Home to the ancient Musashi Province, the area that is Fuchu City goes way back and is full of heritage. It's venerable history can be found in the city's many temples and shrines and include some of Tokyo's oldest and most respected. Here is an introduction to some of these temples and shrines and how to reach them.
A most impressive niomon entrance gate sets the scene for the underrated Koanji Temple. Full of history with its one thousand years of heritage, the temple was intimately connected with the powerful Ashikaga samurai family. Now home to a collection of jizo statues, the temple also features an old well known as the Benkei Inkstone Well.

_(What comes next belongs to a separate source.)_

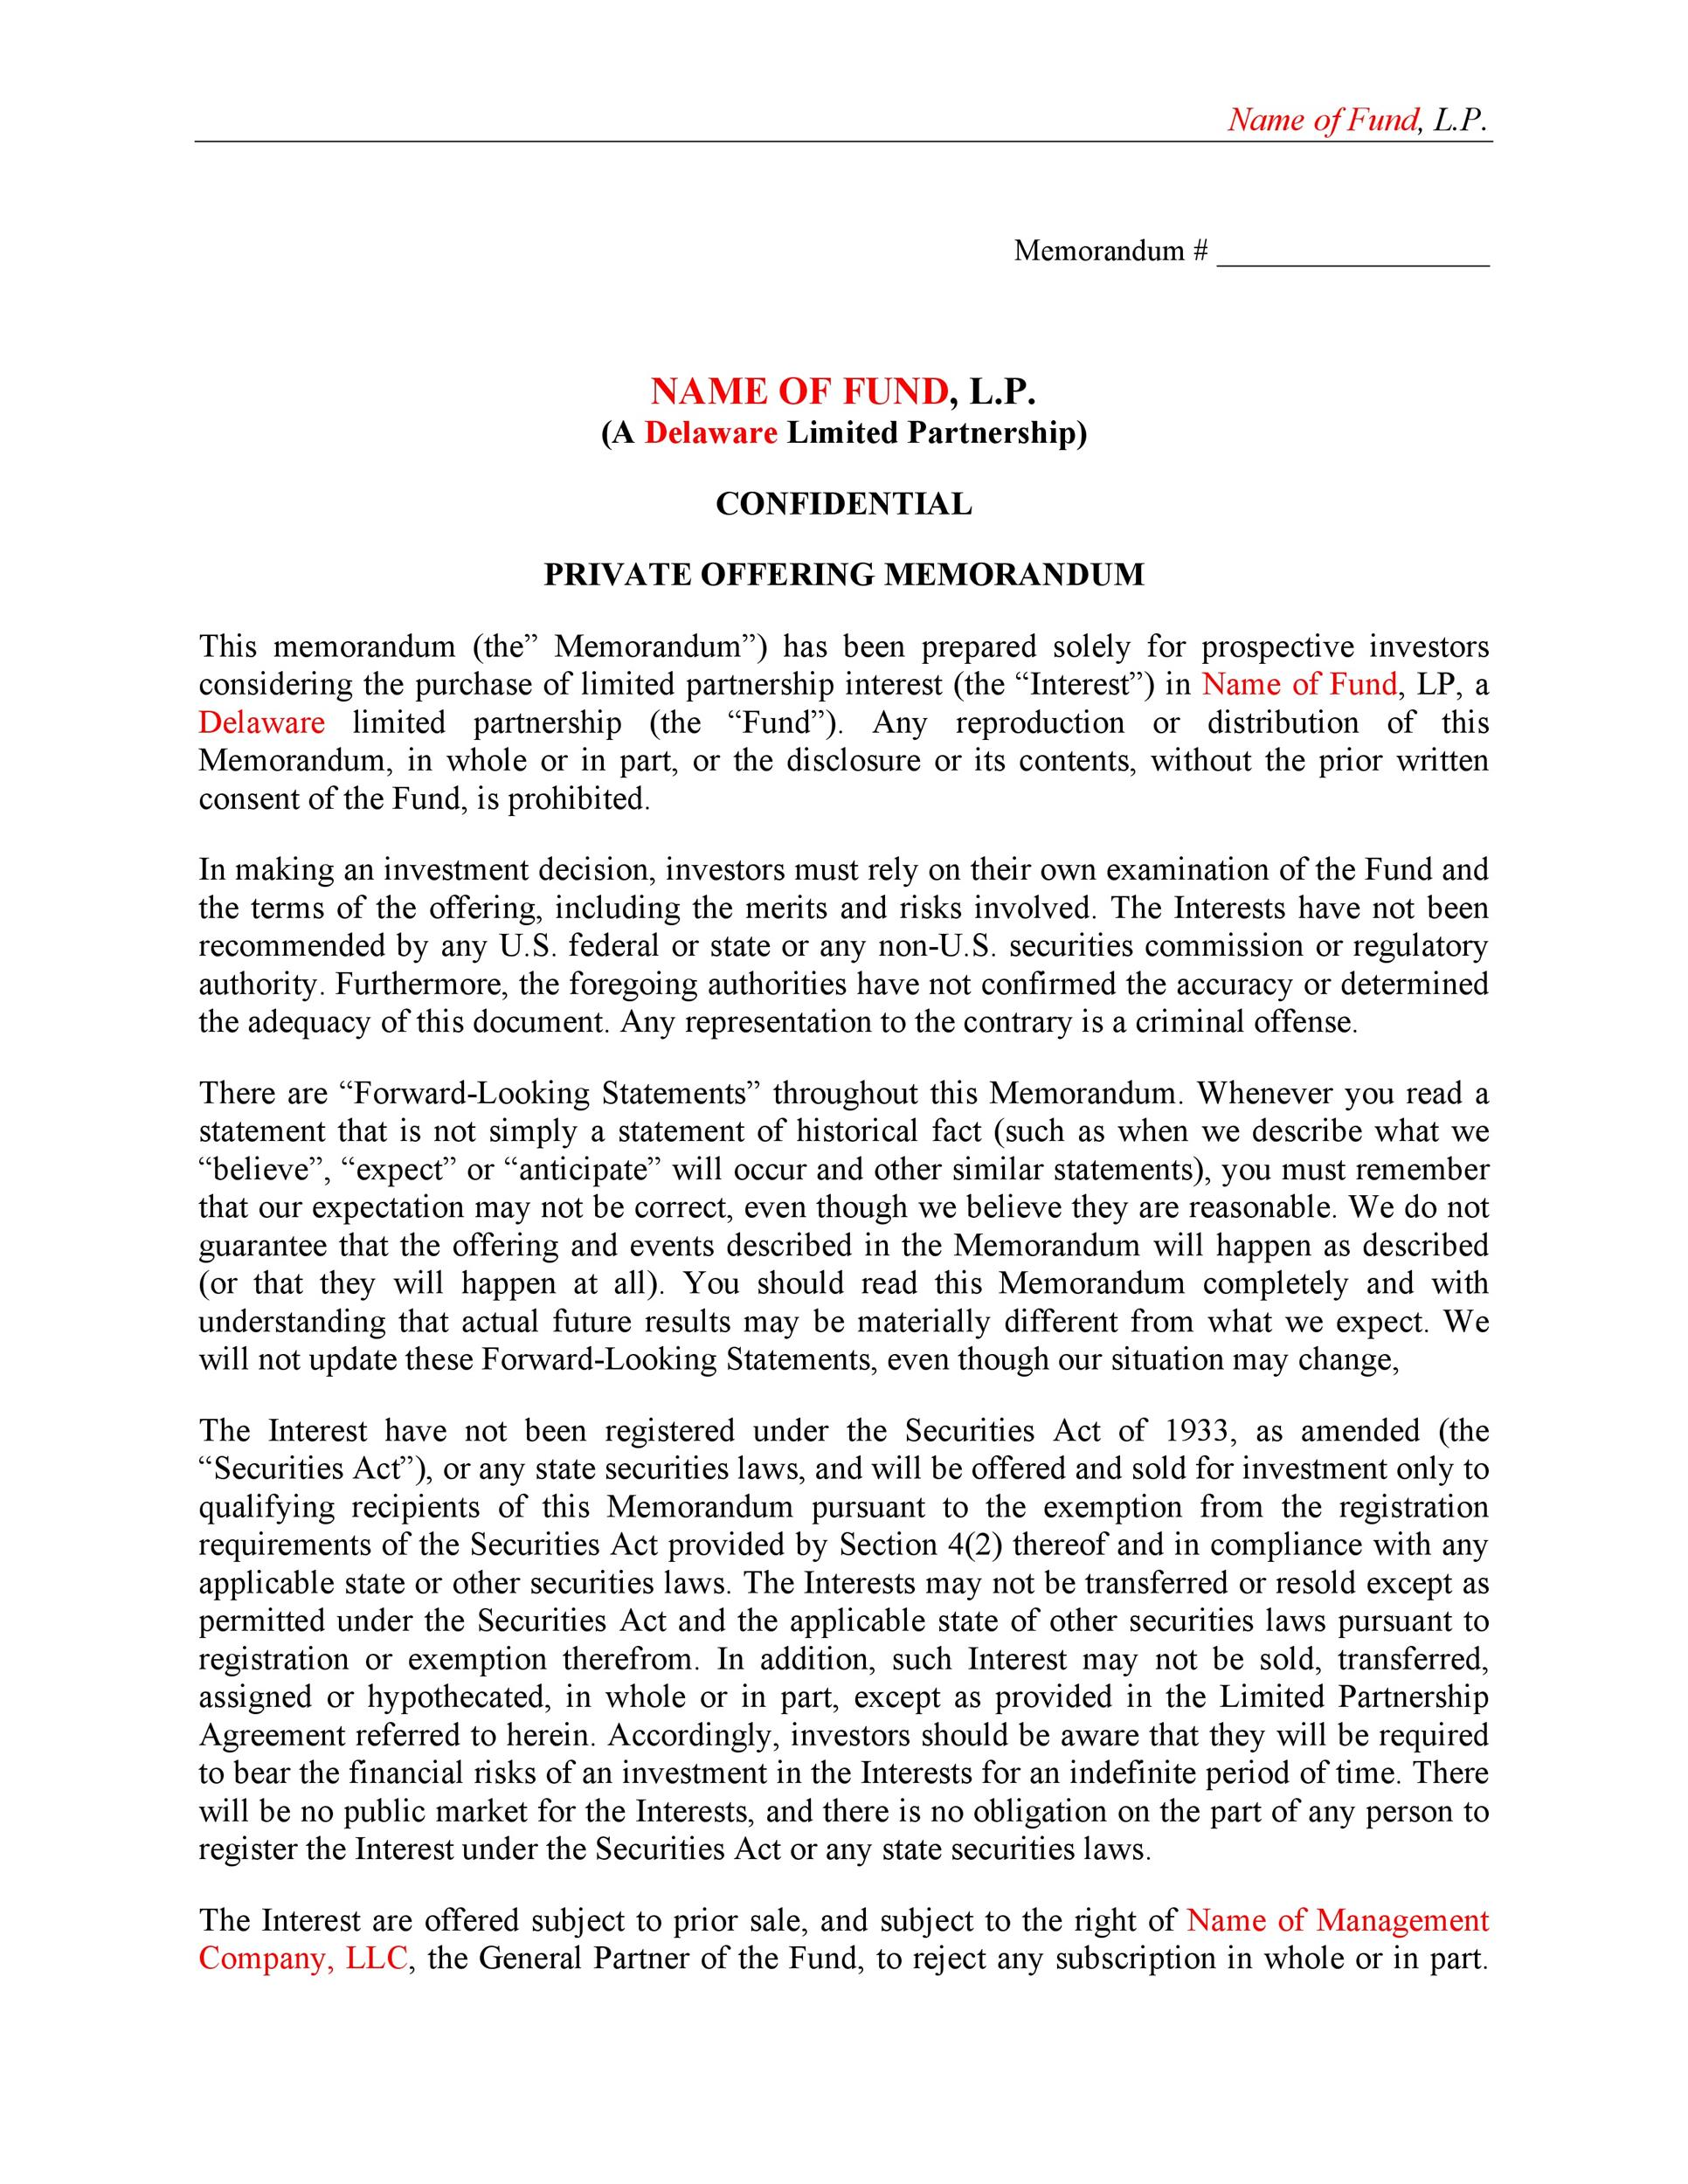 Free private placement memorandum template 29

A 5-minute walk from Bubaigawara Station on the Keio or JR Nambu lines.
Myokoin Temple presents a striking image with its red niomon gate and attending warrior guardian statues. Said to have been established in the mid-9th century, the temple's 25m-tall gingko tree was selected by the city as one of its top 100 while the bamboo groves, stone statues and landscaped grounds all combine in a pleasant way.
A 3-minute walk from Fuchuhommachi Station on the JR Musahshino or Nambu lines.
Said to have been founded almost 2000 years ago, Okunitama Shrine is one of Tokyo's top five major shrines and oozes history and heritage. Host to the springtime Kurayami Matsuri darkness festival, one of the oldest in Tokyo, and the Chestnut Festival in autumn, the magnificent architecture - along with a sumo ring - is a standout feature.
A 5-minute walk from Fuchu Station on the Keio Line or Fuchuhommachi Station on the JR Nambu or Musashino lines.
Its sanmon gate may have been the inspiration for the one in the Akira Kurosawa film, Rashomon, but Togo-ji Temple also turns out to be one of the best places in Tokyo to witness the weeping cherry blossoms in spring. Once you enter the temple grounds, the space seems endless, a perfect antidote the business of brand name central Tokyo.
A 4-minute walk from Tama-reien Station on the Keio Line.